The Fell Gard Codices

The Aleatory Process III

November 19th, 2012

So to get back to talking about process: once my blank maps are ready, it’s time to start filling them in. That means rolling dice.

I begin by rolling on a set of charts to create a piece to add to the physical shape of the dungeon — a hallway, a room, a flight of stairs, and so on. Over time I’ve added and subtracted and changed probabilities to generate pieces I like at a rate that I like. And I’ve toyed with different charts to specify different details about each of these pieces; how long a hall is, the material a door is made out of, and so on. There’s a balance, I think, between having variety and having an over-complicated process. I’m fairly satisfied with what I’ve got so far.

The trick I’m most concerned with is getting the frequency of improbable events right. For example: most of the dungeon rolls should turn up, as I said, rooms and hallways and stairs. But there should also be the occasional massive cavern — like the Innsdene cave, or the hob-goblin city. Those require a whole set of tables of their own, of course, but what I want to observe here is that the difficulty is making sure that they’re rare, but not too rare. One every so often adds variety. One every few feet is too much.

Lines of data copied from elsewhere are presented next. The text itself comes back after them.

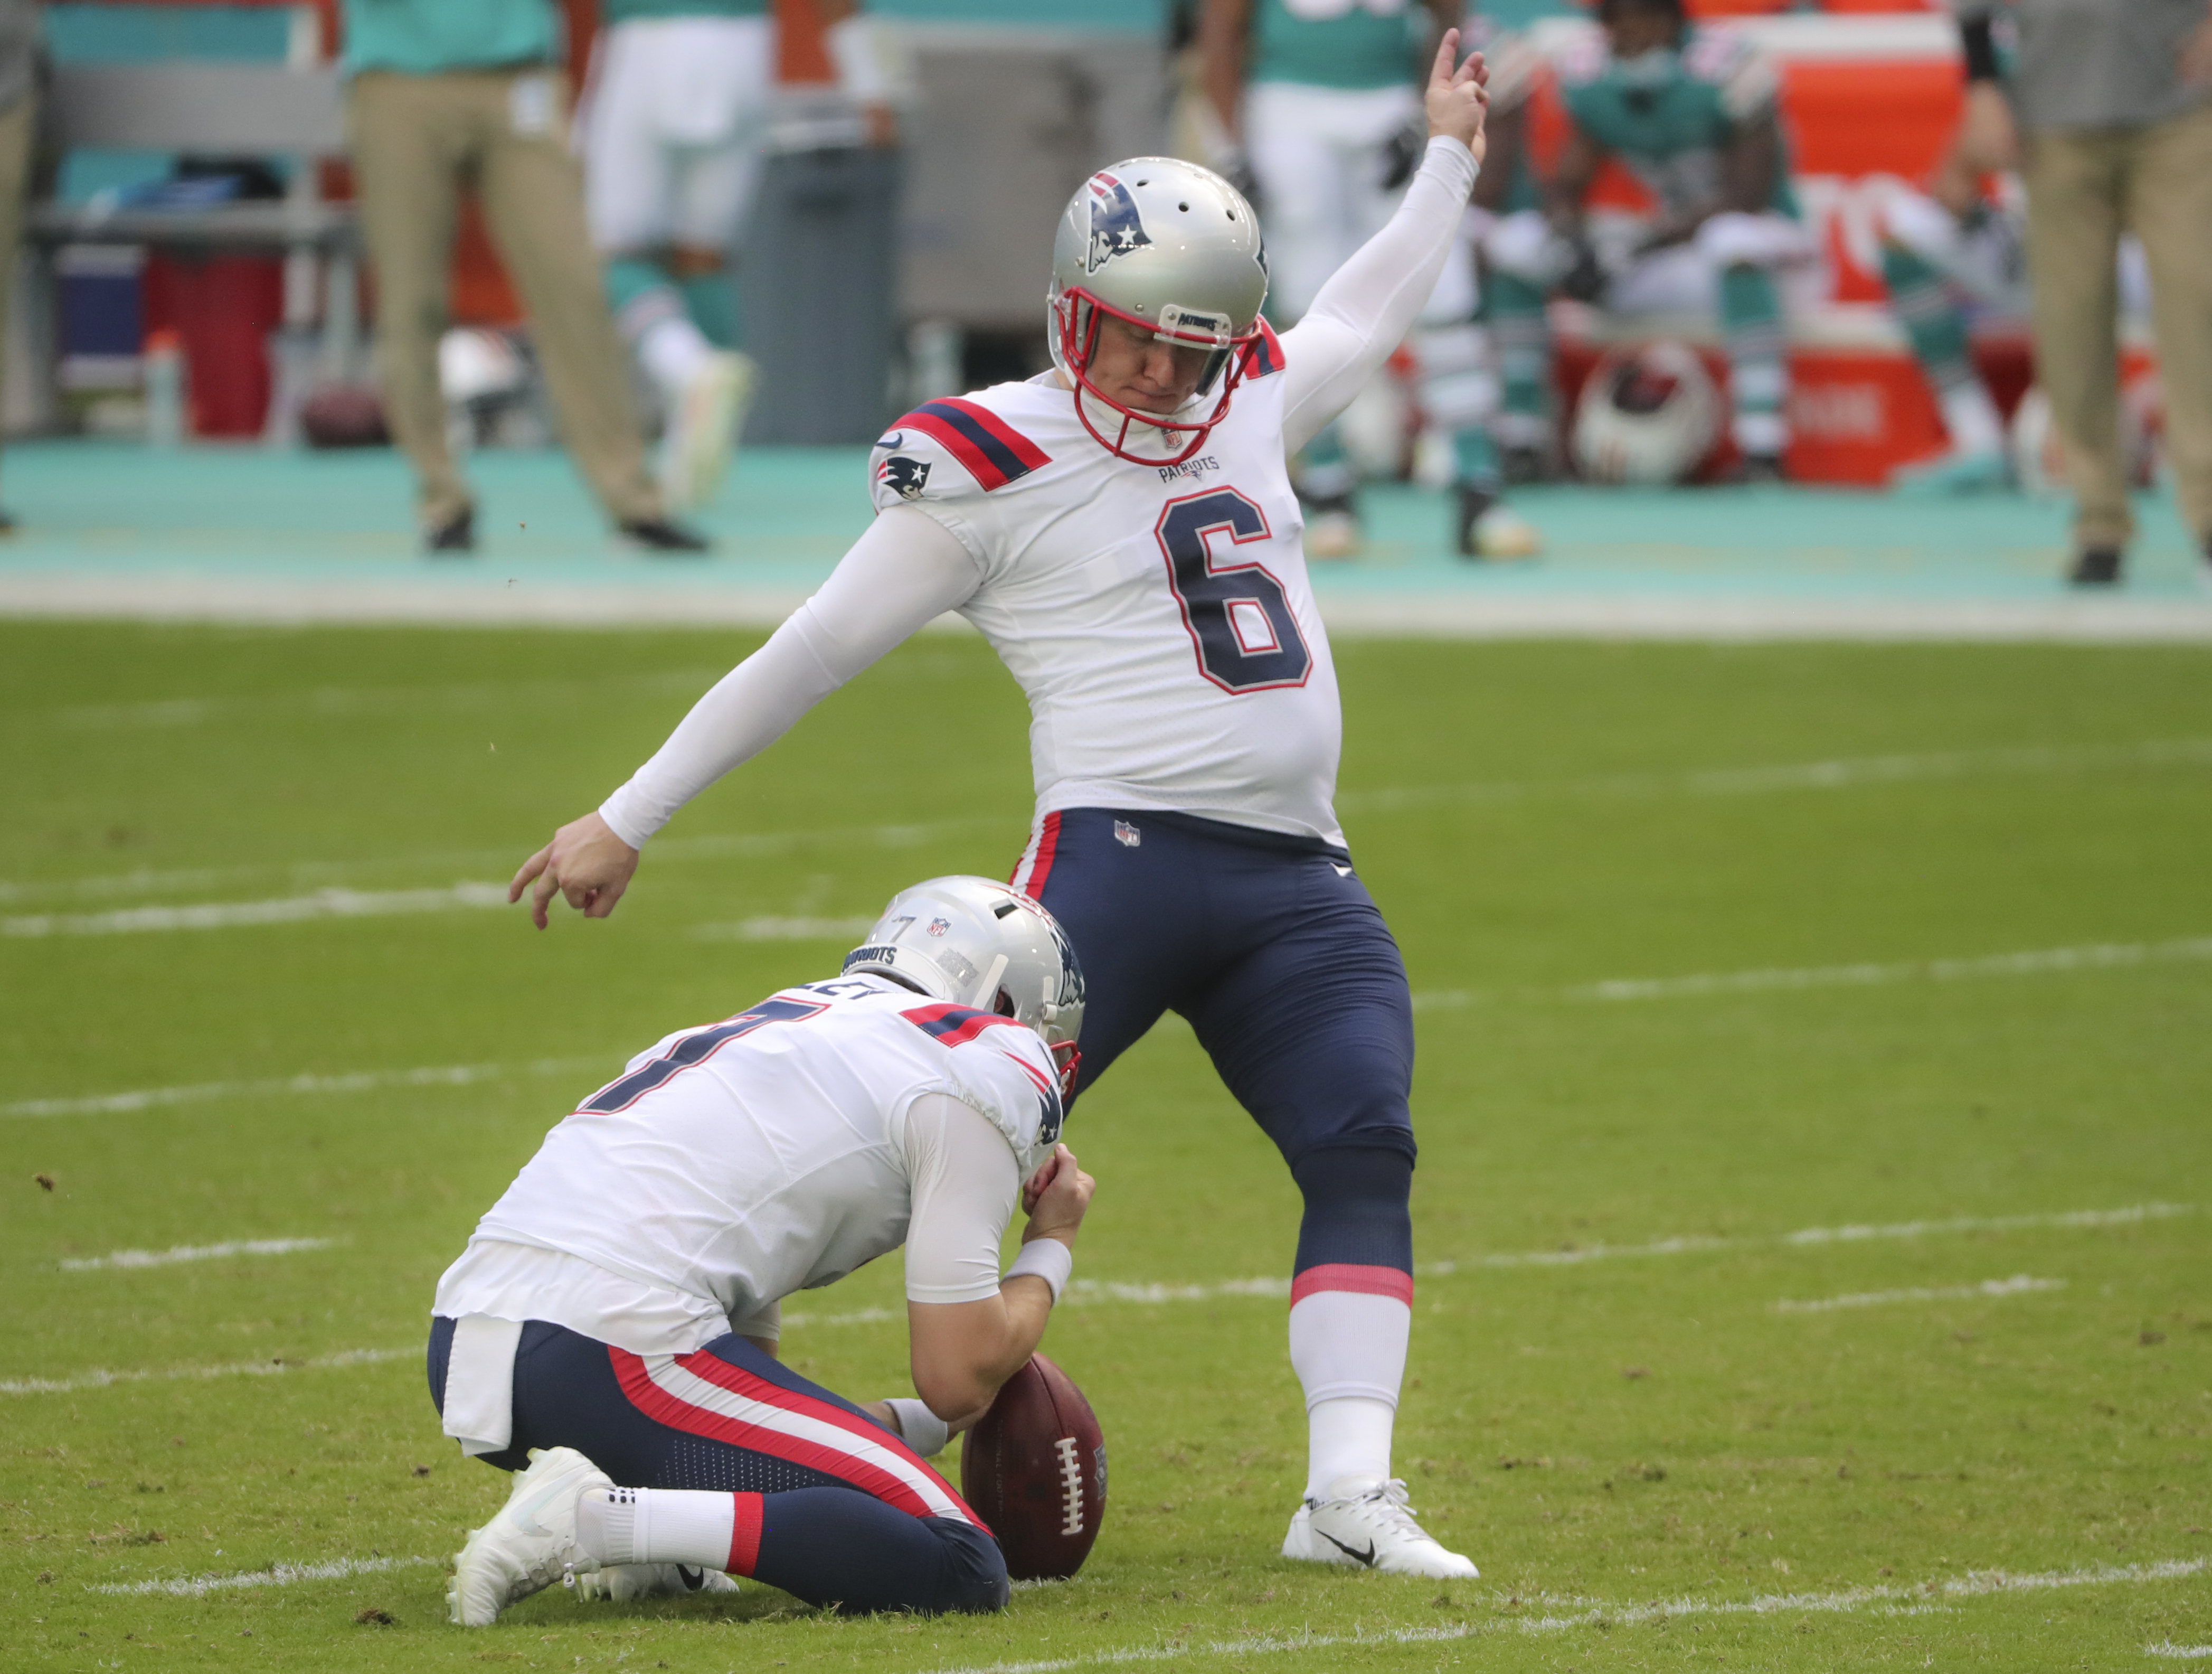 Ben Volin: The Patriots' offense needs to learn how to stop losing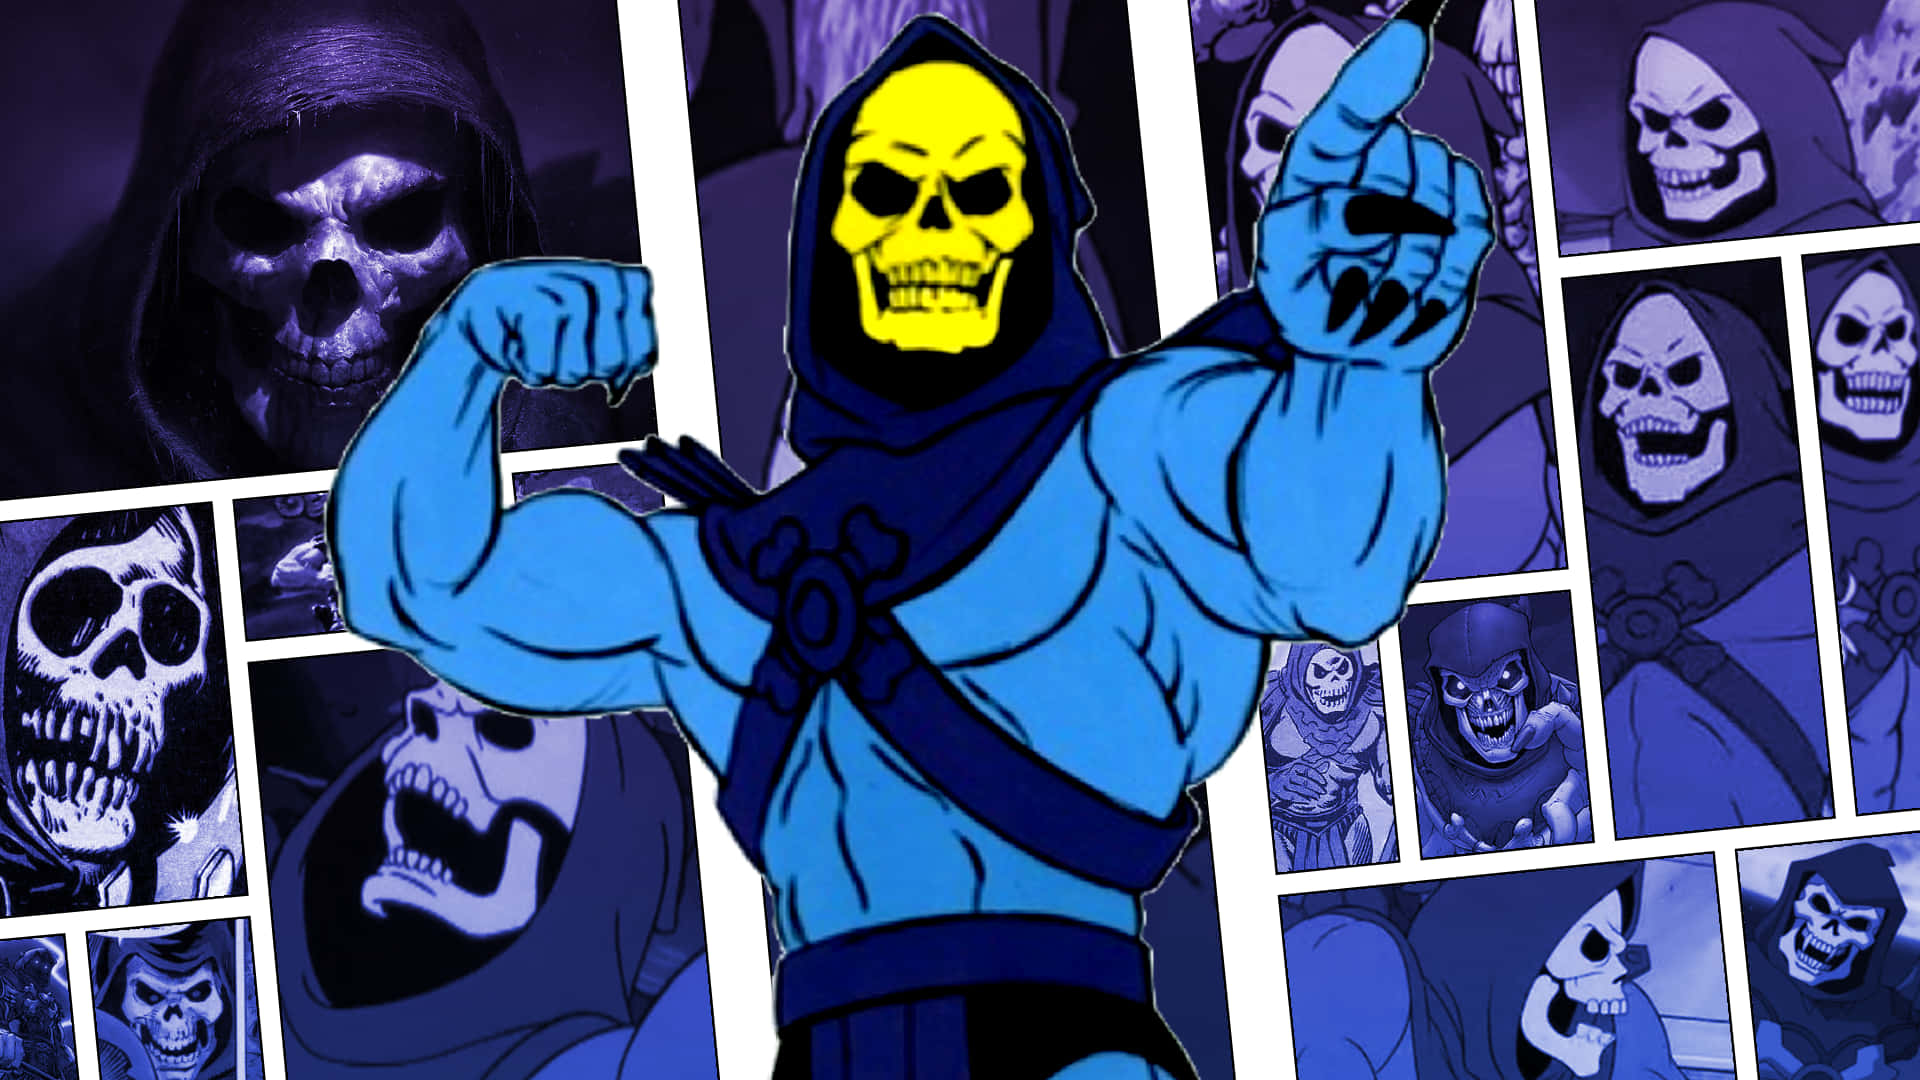 A Cartoon Character With A Blue Mask And Blue Eyes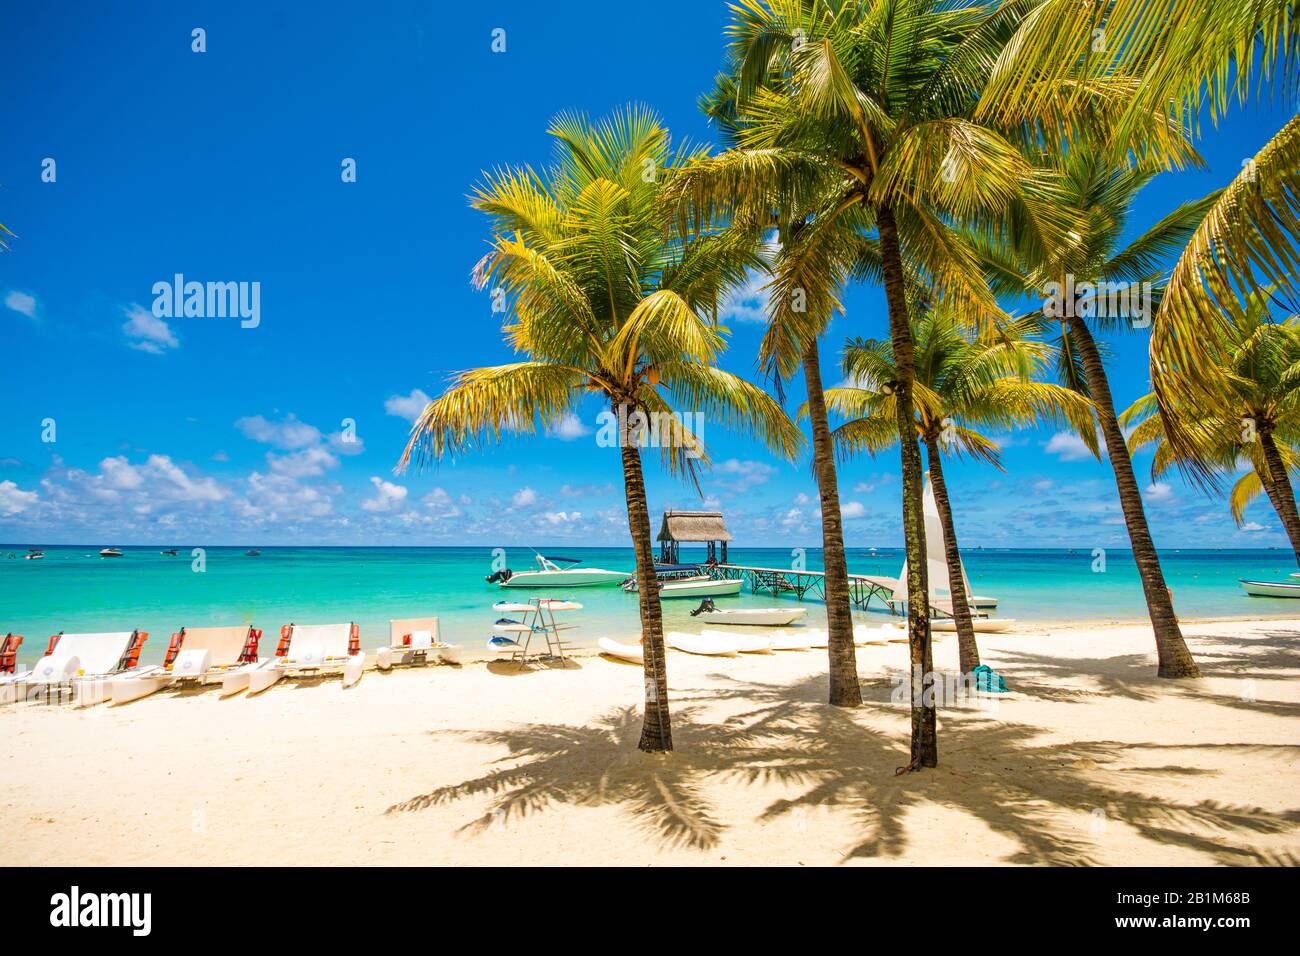 Trou aux biches Mauritius.Tropical exotic beach with palm trees and clear blue water. Stock Photo

Finding the balance has required a certain amount of working with the maps to get a sense of how the probabilities work out. At the moment, I seem to generate roughly one major cave per 22 by 28 inch map tile. That feels about right. Not every cave has something as major as a village in it; some of them may be almost empty, like the one with the grim beetles that menaced Innsdene, or like the cave-with-an-island-in-it that Kezia’s found. These caves still tend to provide a focus to the tile, somehow, as though anchoring the encounters that develop around them. I have to work out how the presence of the cave (and its inhabitants) affect the creatures I generate in the nearby rooms. I think it’s worked so far, and I still have any number of possible combinations of size, shape, and inhabitants that can emerge — as it stands, the charts can potentially generate caves that stretch up to something like a mile across.

Another note about the physical process of creating the map: I don’t normally focus on one strand of the map at a time. Say I start with a room, and find three halls leading away from the room. That gives me three possible places to stick a given die result. So when I make a roll on the master chart of ‘what comes next,’ I’ll work out what it is I’m looking at — what sort of room I’ve generated, how the corridor bends, what sort of junction I’ve found, and so on — and at which of those three would be the best place for the new puzzle-piece. Maybe a bend makes sense at the end of a corridor that seems to be heading toward an already-existing wall. Or there’s a big blank space that a room would fill nicely. Or even a space between two nearby halls that the piece I’ve just rolled up with would connect.

I’ve usually got more than three strands going at once. That gives me a range of possible locations for anything I roll up, however odd. But at the same time, I find that it’s better not to have too large a map surface in play at once — for one thing, if I do, no one part of the map ends up as developed as I’d like (this is a surprisingly time-consuming process). But if I work with one map tile at a time, then it all moves forward and the results seem to harmonize fairly nicely. The trick here, as elsewhere, is to find the right set of constraints to encourage lateral thinking and problem-solving without invoking constraints that thwart the whole process.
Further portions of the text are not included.